----- Material provided -----
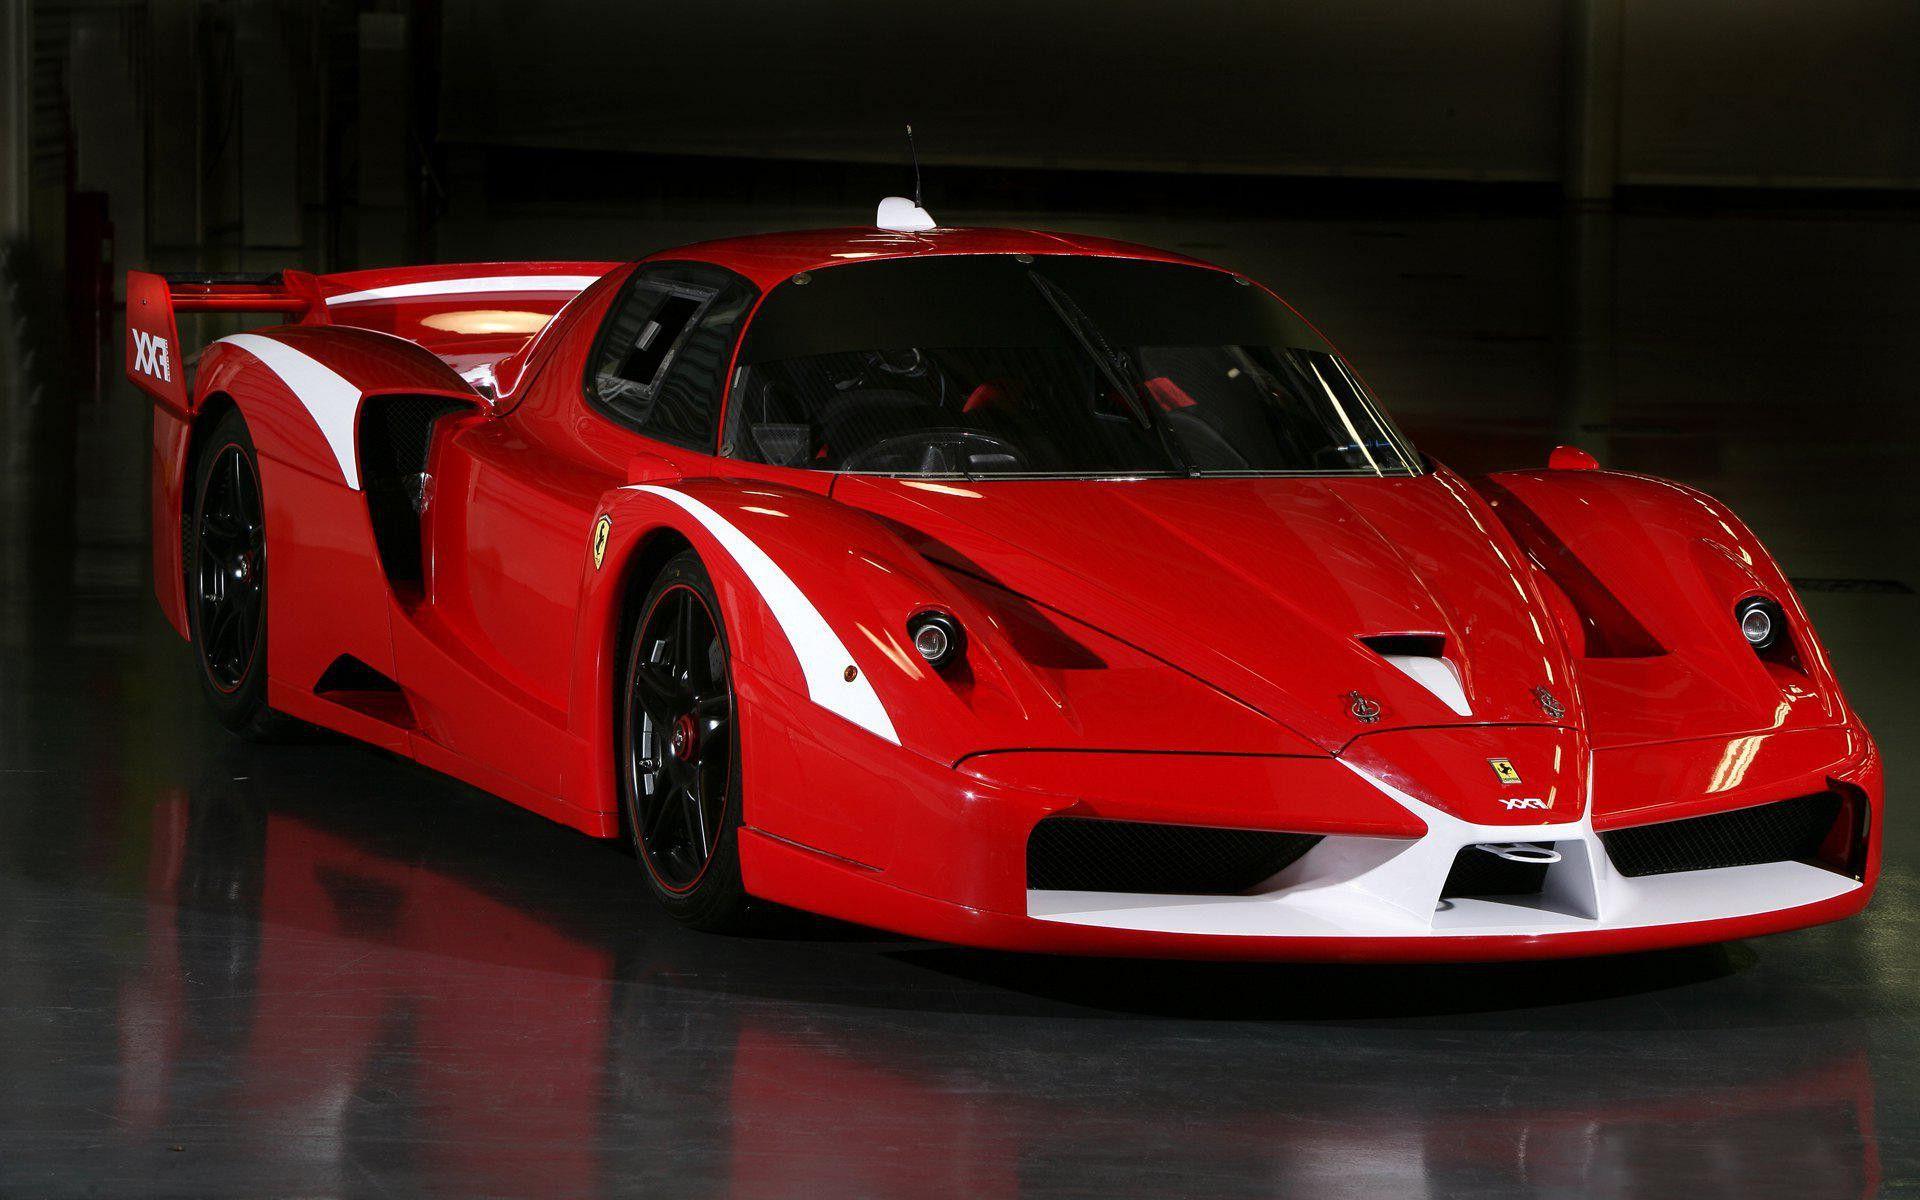 Ferrari Fxx Evoluzione Hd Wallpaper All Cars Wallpapers Ferrari
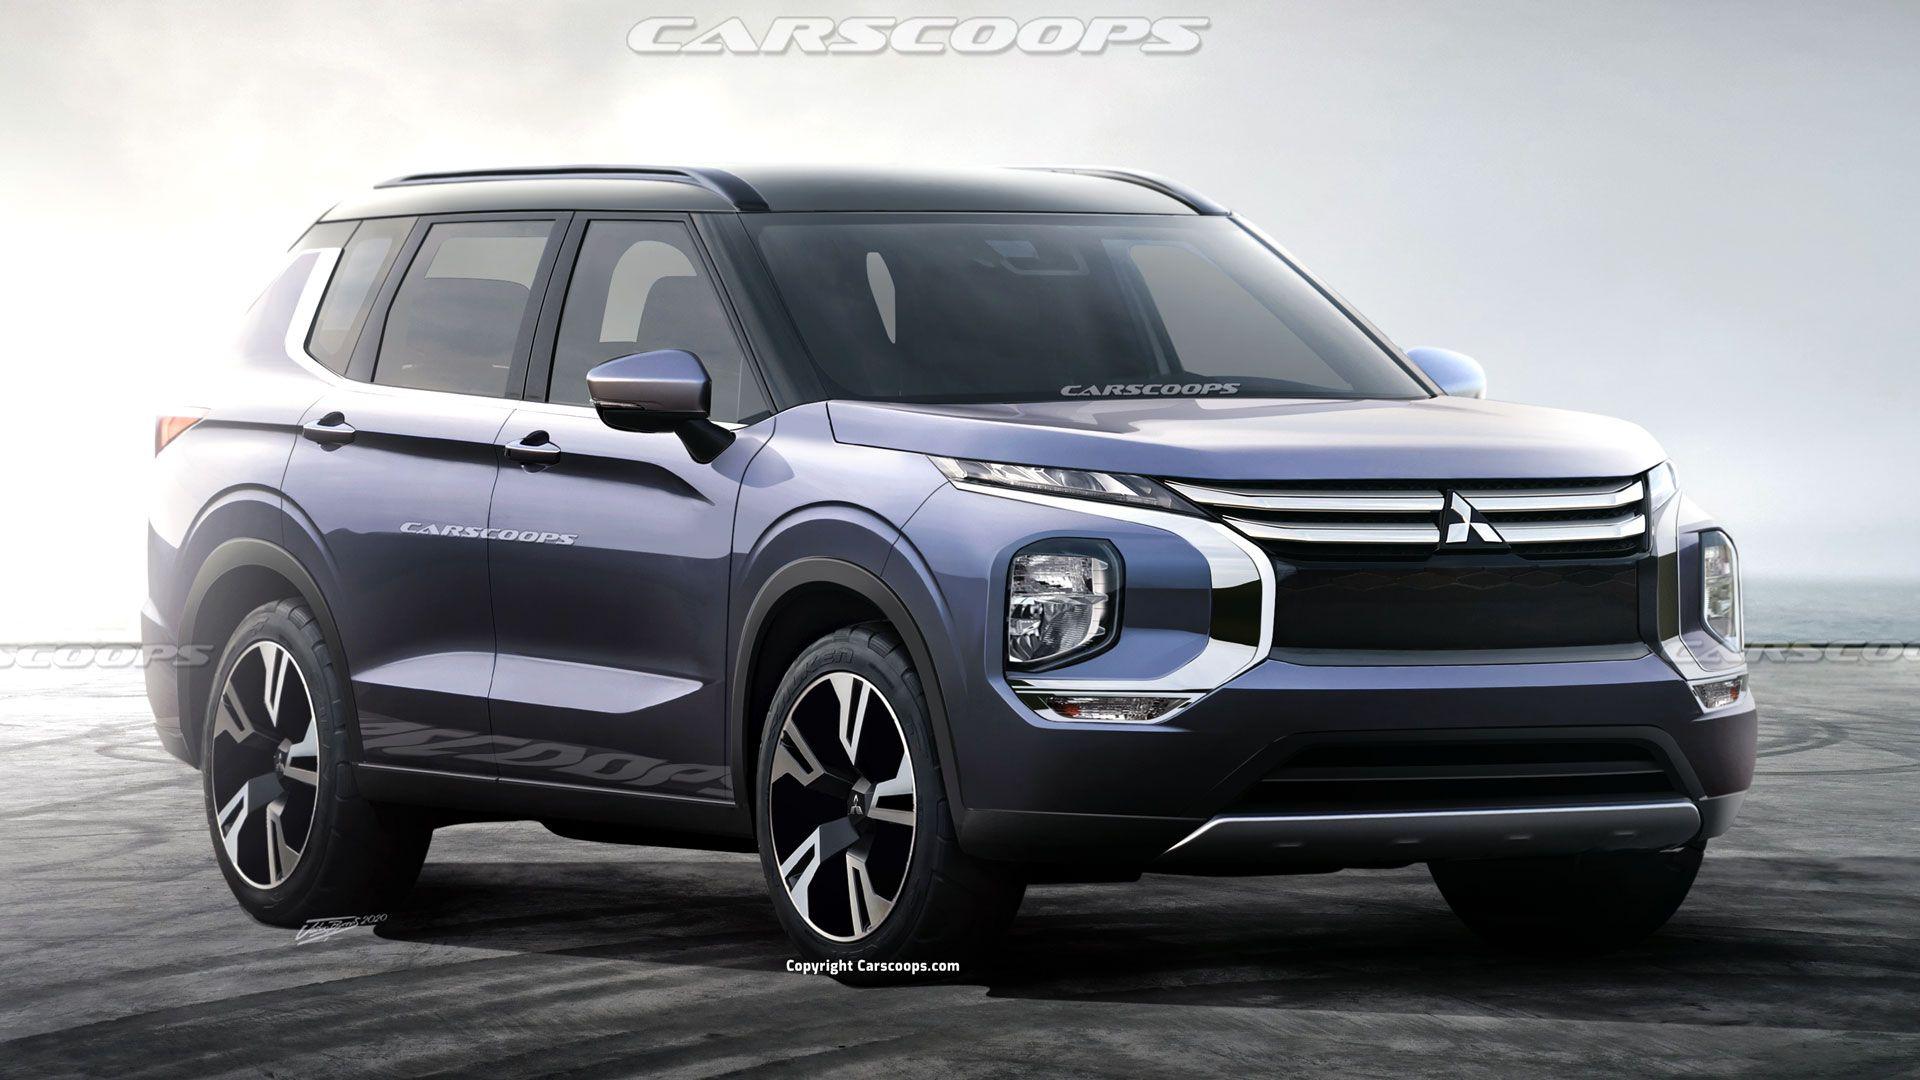 Promo Harga Kredit Terbaru 2019 Mitsubishi All New Pajero Sport Dakar Area Jember Banyuwangi Lumajang Situbondo Bondowoso Dan Probolin Truk Mobil Kendaraan
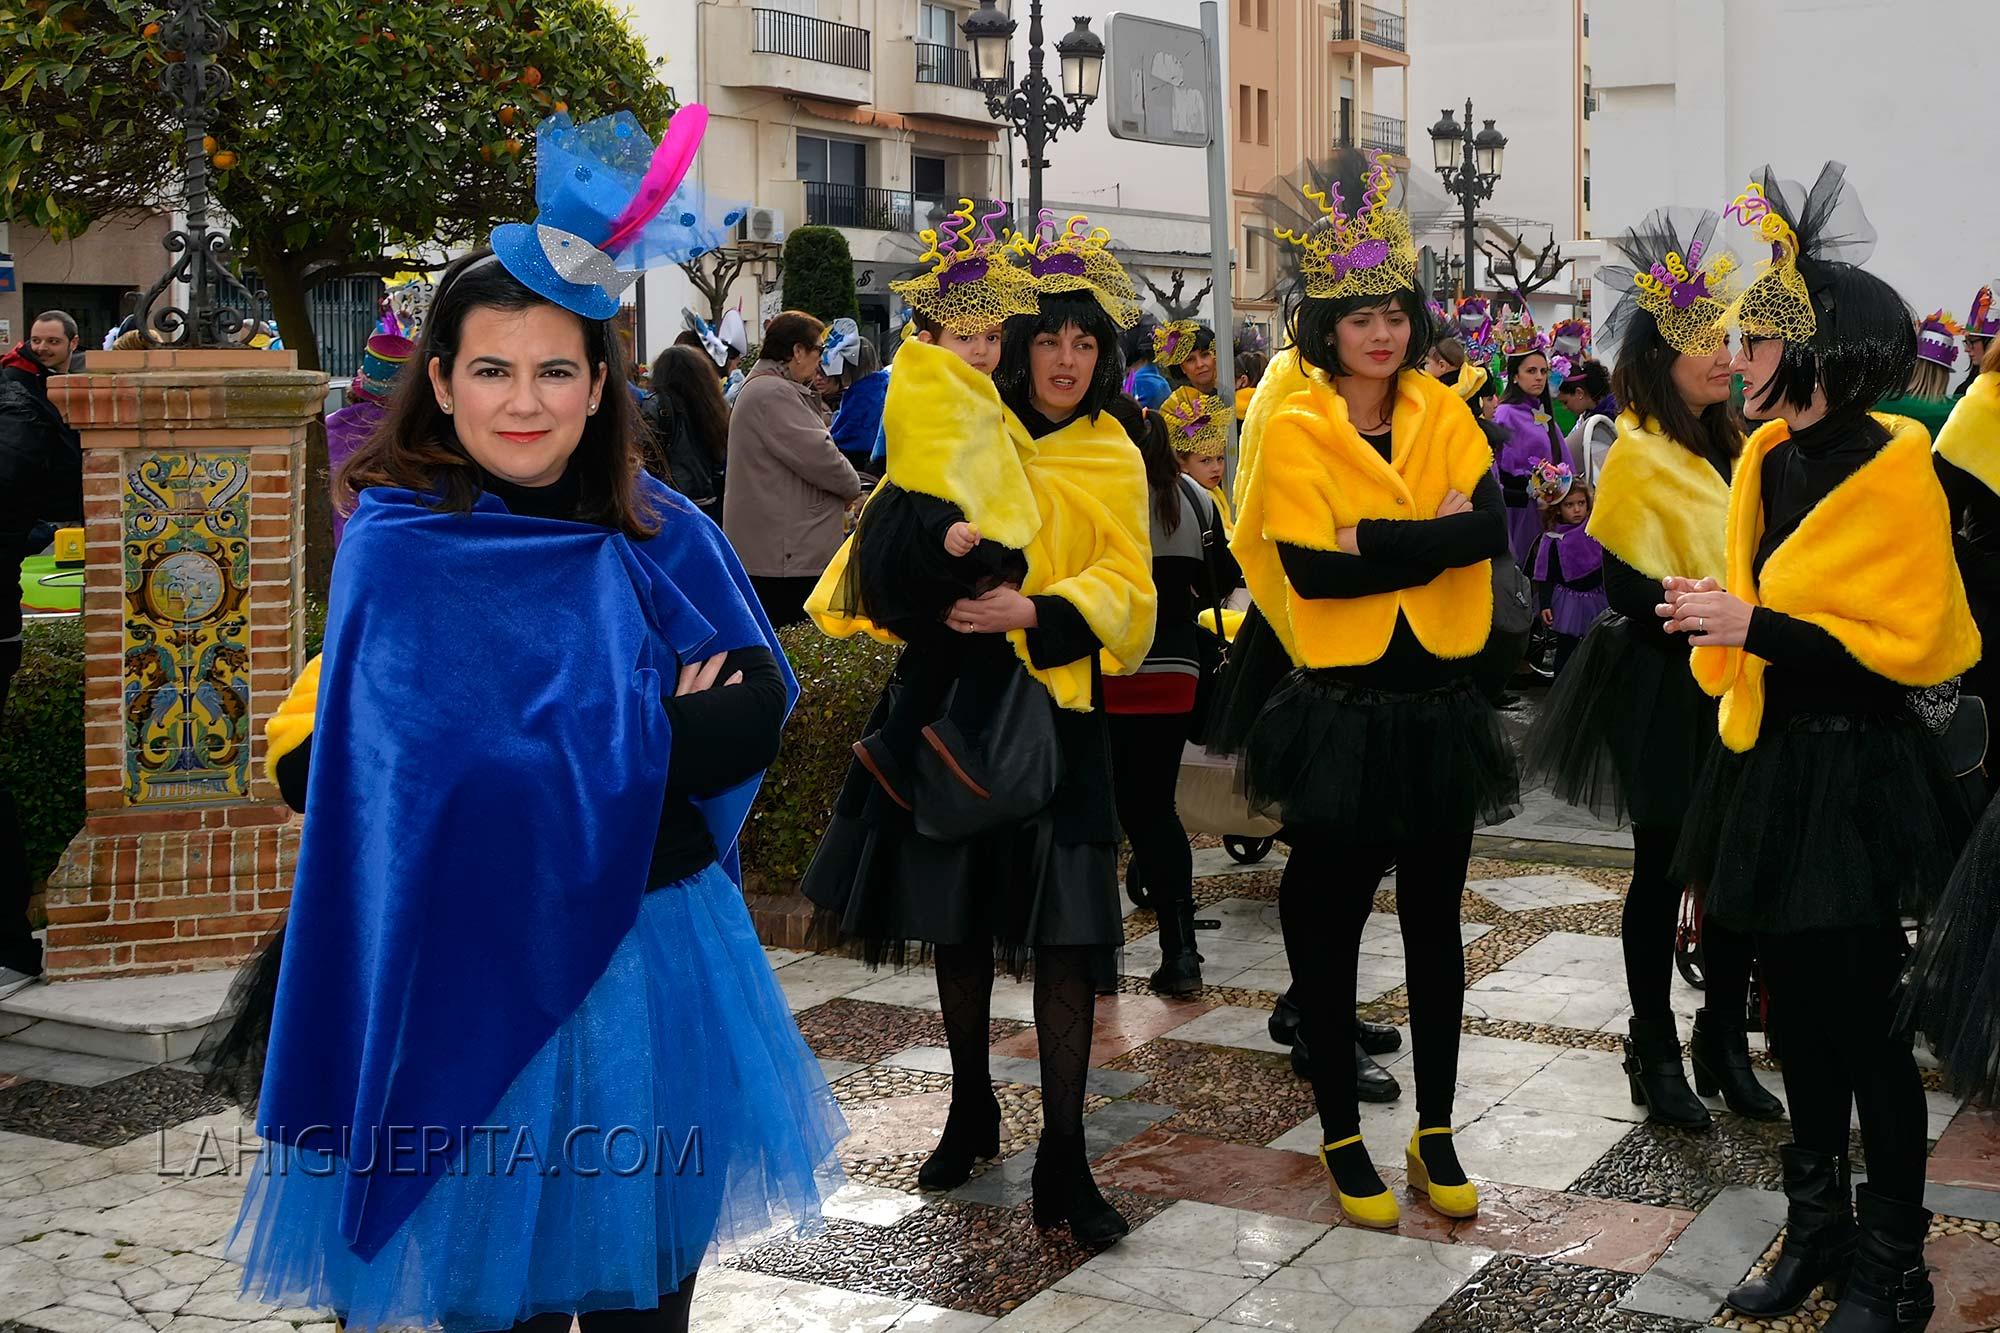 Cabalgata infantil de viudas carnaval de Isla cristina 2016 _DSC1825
-----
=== What the exercise asks ===
Copy the full listing above exactly, apart from the pictures.

=== Task solution ===
 Ferrari Fxx Evoluzione Hd Wallpaper All Cars Wallpapers Ferrari
 Promo Harga Kredit Terbaru 2019 Mitsubishi All New Pajero Sport Dakar Area Jember Banyuwangi Lumajang Situbondo Bondowoso Dan Probolin Truk Mobil Kendaraan
 Cabalgata infantil de viudas carnaval de Isla cristina 2016 _DSC1825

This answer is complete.